Under the recently adopted amendments1 to the Virginia Electric Utility Regulation Act, on or before July 1, 2024, an electric utility may petition the Virginia State Corporation Commission (Commission) for a financing order for certain deferred fuel costs that would back related utility tariff bonds2.

Current law in Virginia (and as is generally the typical treatment in most states), permits recovery of fuel costs on a dollar-for-dollar basis as expenses without any additional return. Fuel costs (including purchased power) are estimated annually in advance for purposes of assigning a fuel factor in rates. If actual fuel costs (including purchased power) exceed that annual estimate, the excess is deferred and future rates are adjusted to collect such deferred costs.

Due to the Russian invasion of Ukraine, inflation and the COVID pandemic, electric utilities incurred significantly higher fuel costs and experienced significant fuel cost under-recovery. In the case of Dominion Energy Virginia (Dominion), its projected 2022 deferred fuel cost balance was more than $1 billion.

In Dominion's related fuel factor proceeding for 2022-20233, Dominion noted that its costs for natural gas and coal in the July 2021-March 2022 period were 100% and 92% higher, respectively, than the prior corresponding period.

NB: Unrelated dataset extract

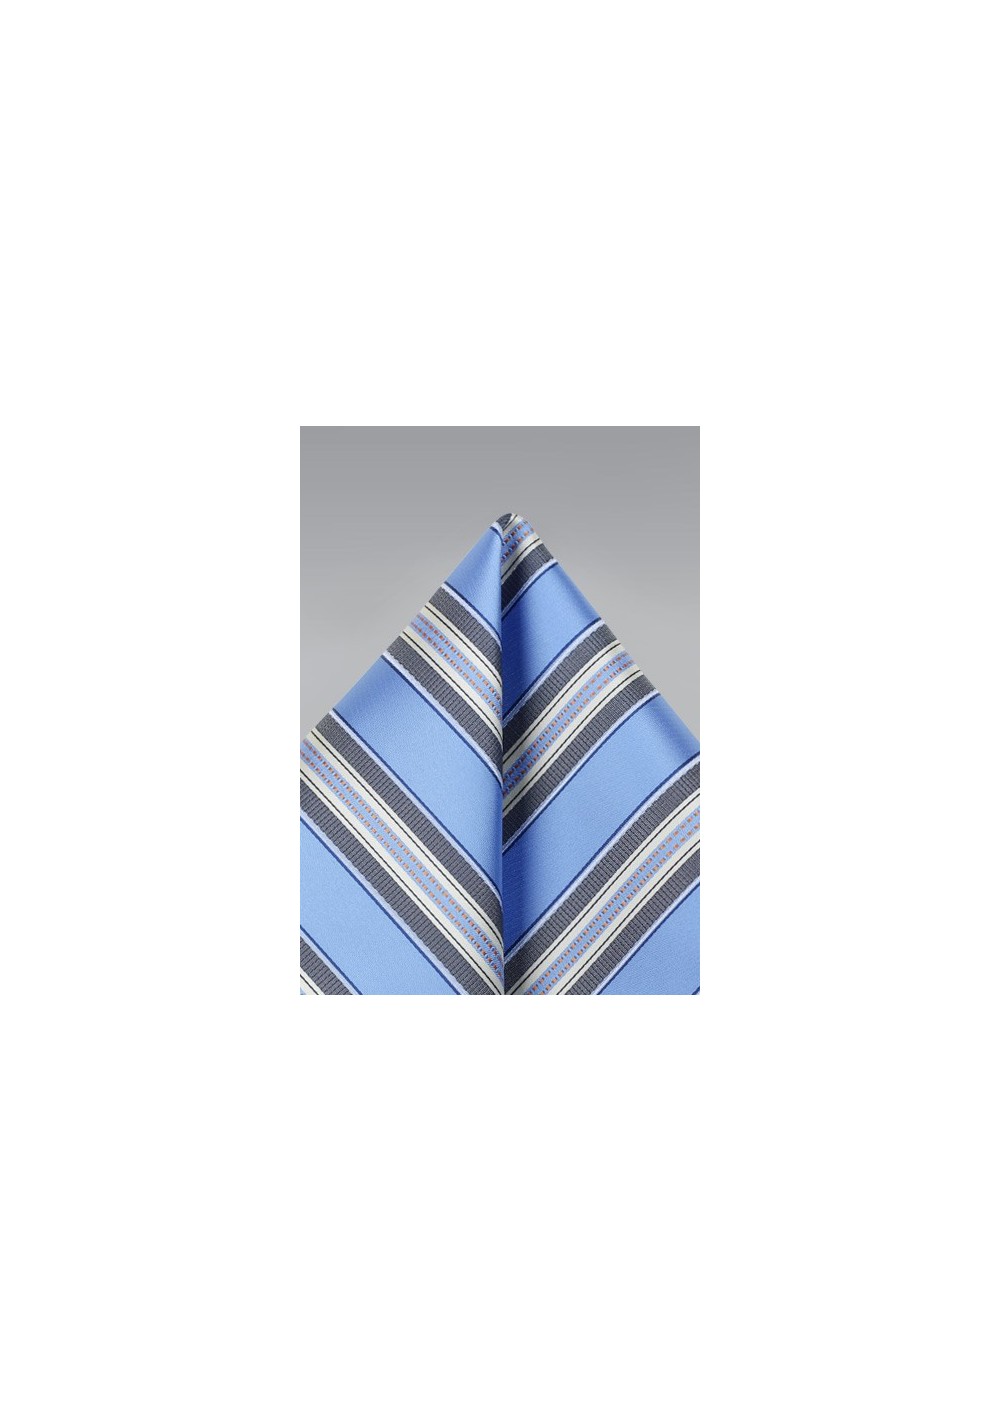 Striped Pocket Square in Blue and Gray

While the order in Dominion's fuel factor proceeding for 2022-2023 allows it to recover these deferred fuel costs over a three-year period as proposed by Dominion4 to mitigate the rate "shock" to its customers that results from the deferred fuel cost recovery, it is expected that Dominion and other similarly situated electric utilities may seek to use this new recovery option since the opportunity to use lower cost financing and longer amortization will likely yield lower rate impacts for customers.

Footnotes

1. Under Senate Bill 1265 passed by the Virginia House and Senate on February 25, 2023 adding a new section 56-249.6:1 to the Code of Virginia.

2. Also known as rate reduction bonds, rate recovery bonds, stranded cost bonds, and utility rate charge bonds, utility tariff bonds have been used for storm costs (see our related Legal Update), coal plant retirement (see our related Legal Updates here and here), catastrophic wildfires (see our related Legal Update) and for COVID under-collections (see our related Legal Update) and have been proposed for coal ash remediation nuclear plant construction overruns (see our related Legal Update).

3. Case No. PUR-2022-00064.

4. In contrast to the two-year period required under Virginia Code section 56-249-6.C.